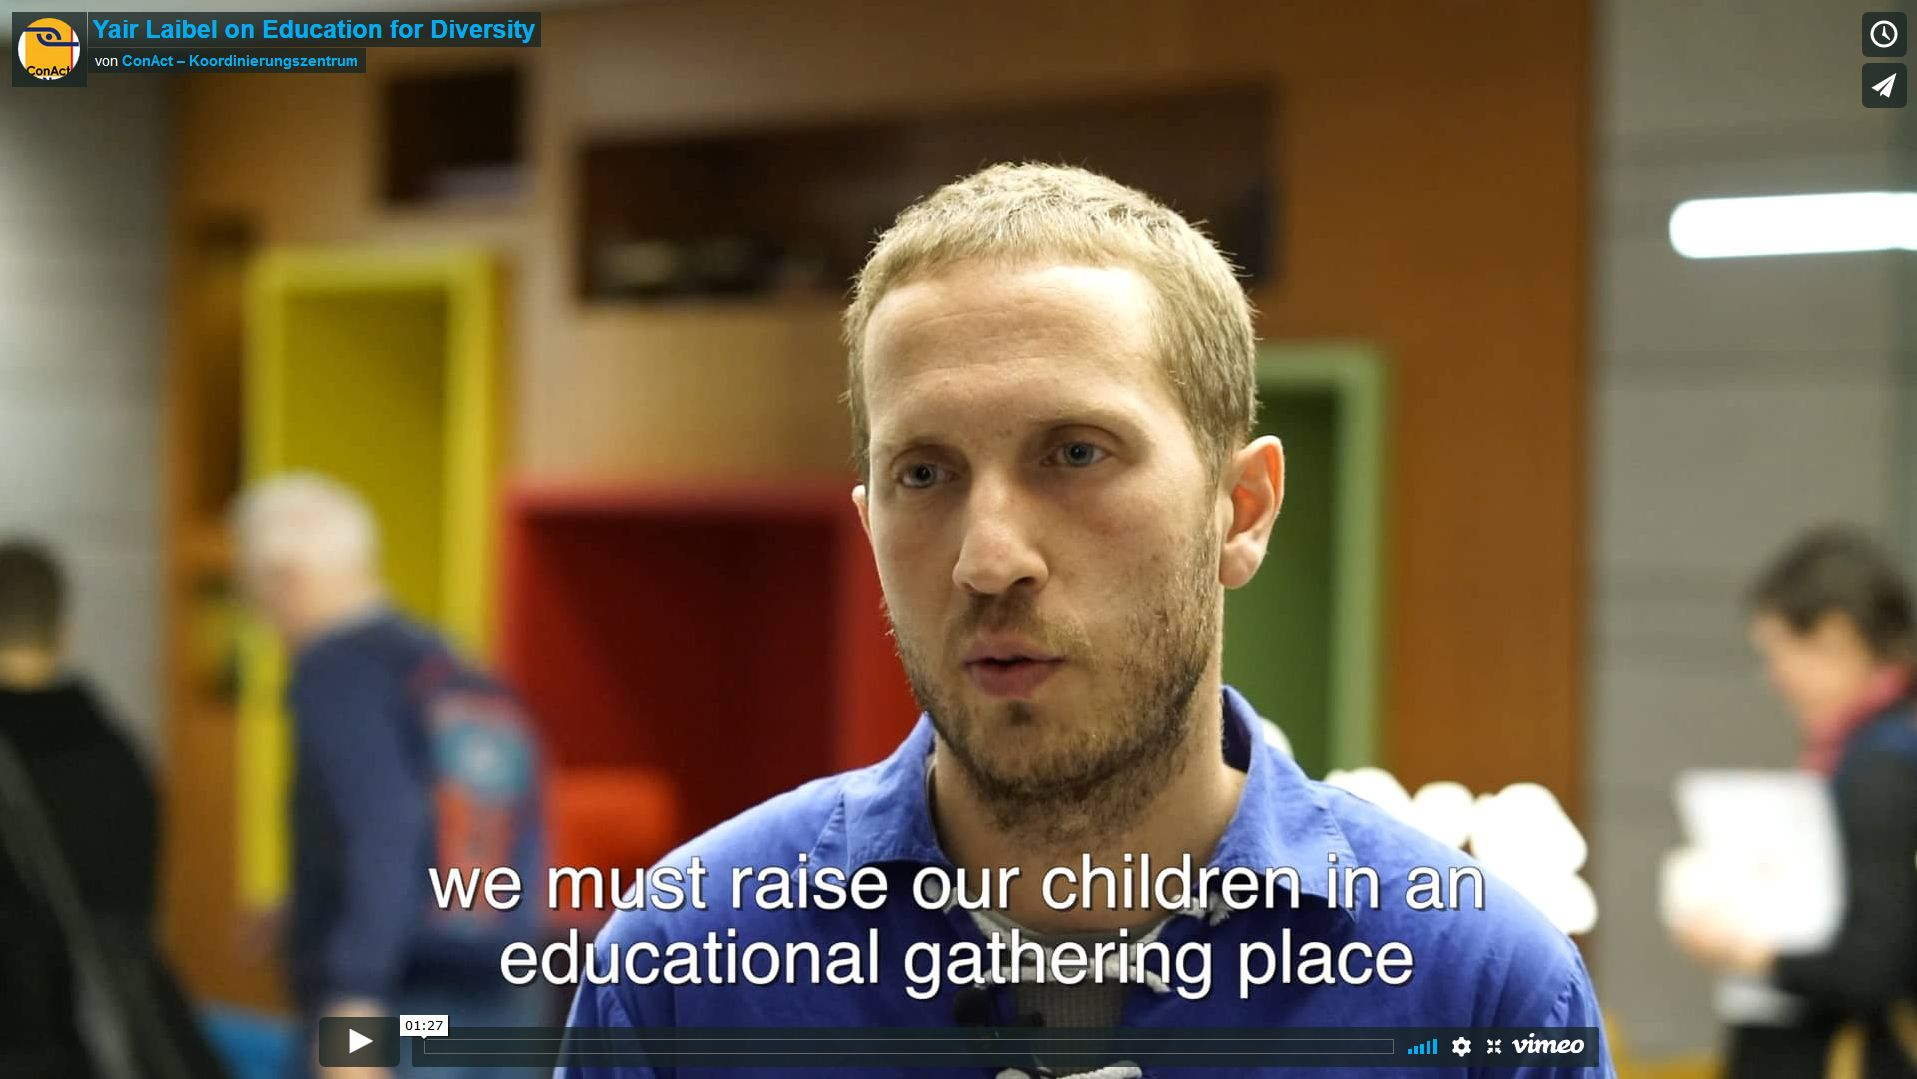 Yair Laibel on Education for Diversity
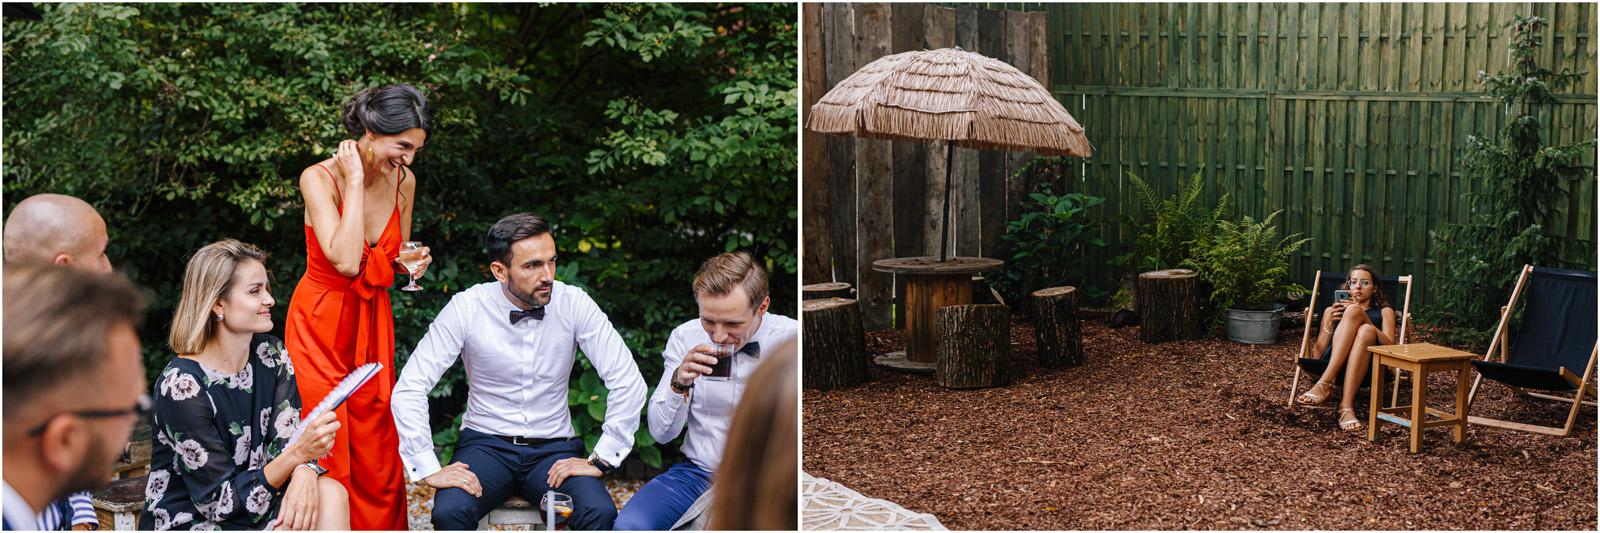 Ania & Mateusz | boho wesele w Stodole pod Kasztanami 96
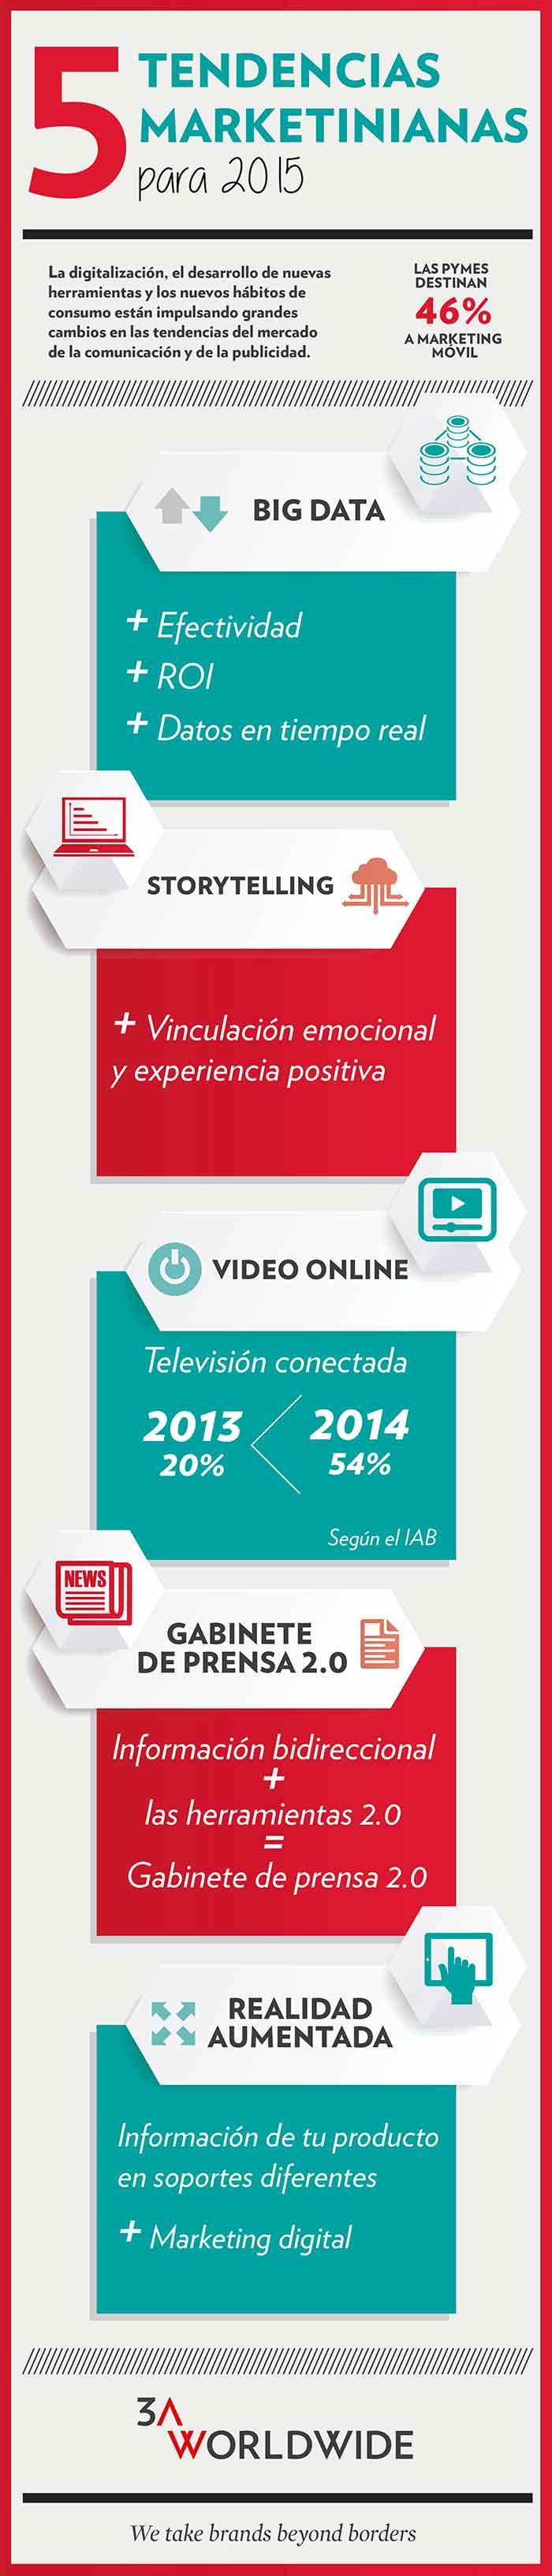 Infografia sobre las tendencias marketinianas para 2015
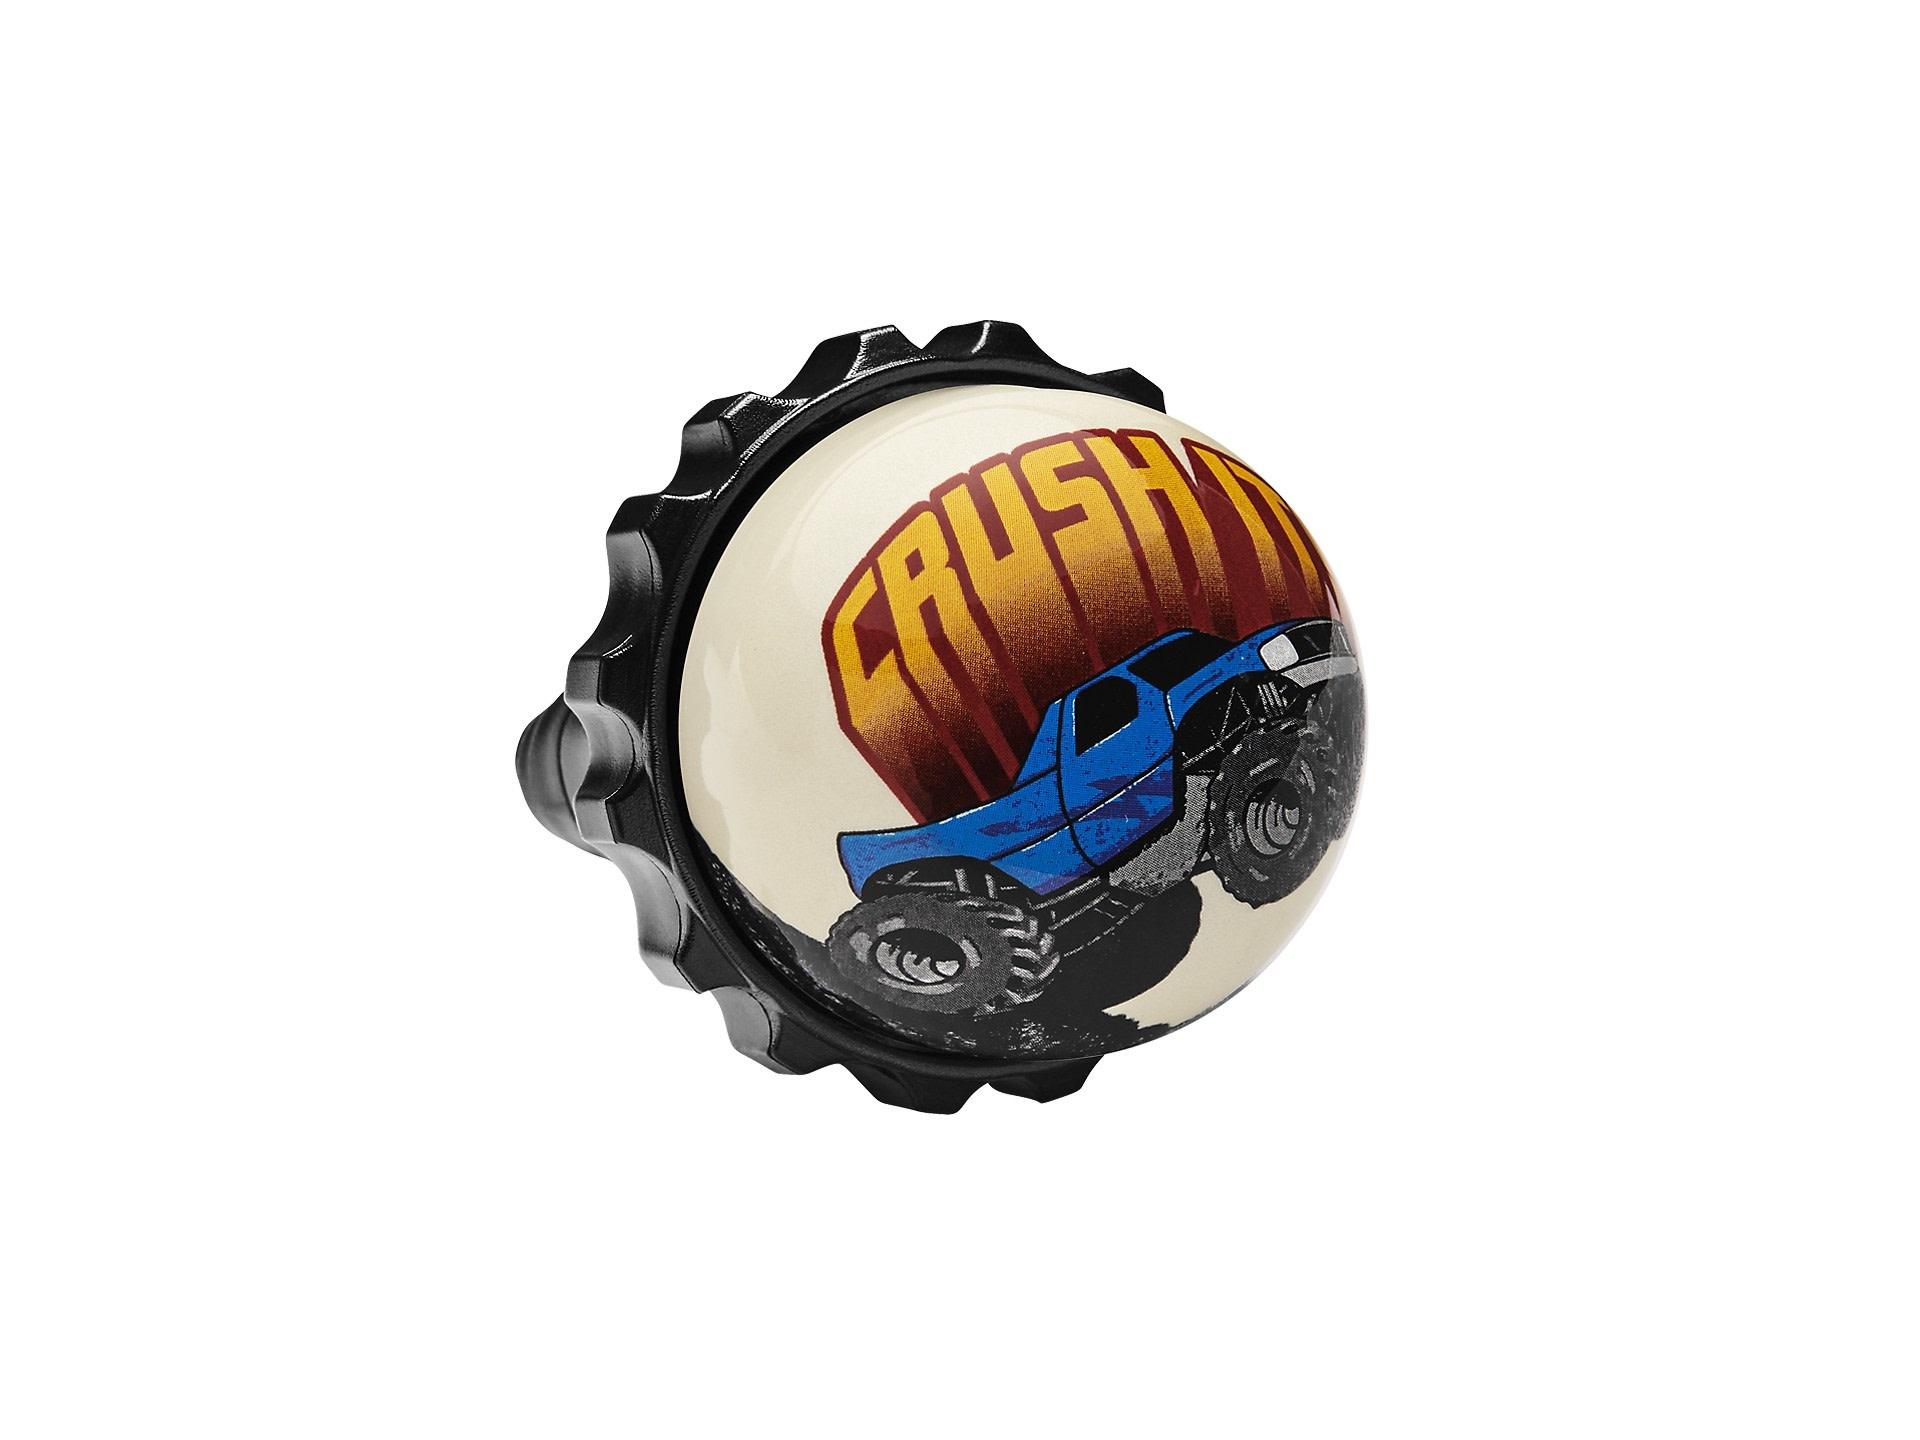 Electra Electra Crush It! Twister Bike Bell

------------------------------------------------

Hand back the data exactly as it appears, with all pictures cut.

* [Answer to the exercise]:
 Yair Laibel on Education for Diversity
 Ania & Mateusz | boho wesele w Stodole pod Kasztanami 96
 Infografia sobre las tendencias marketinianas para 2015
 Electra Electra Crush It! Twister Bike Bell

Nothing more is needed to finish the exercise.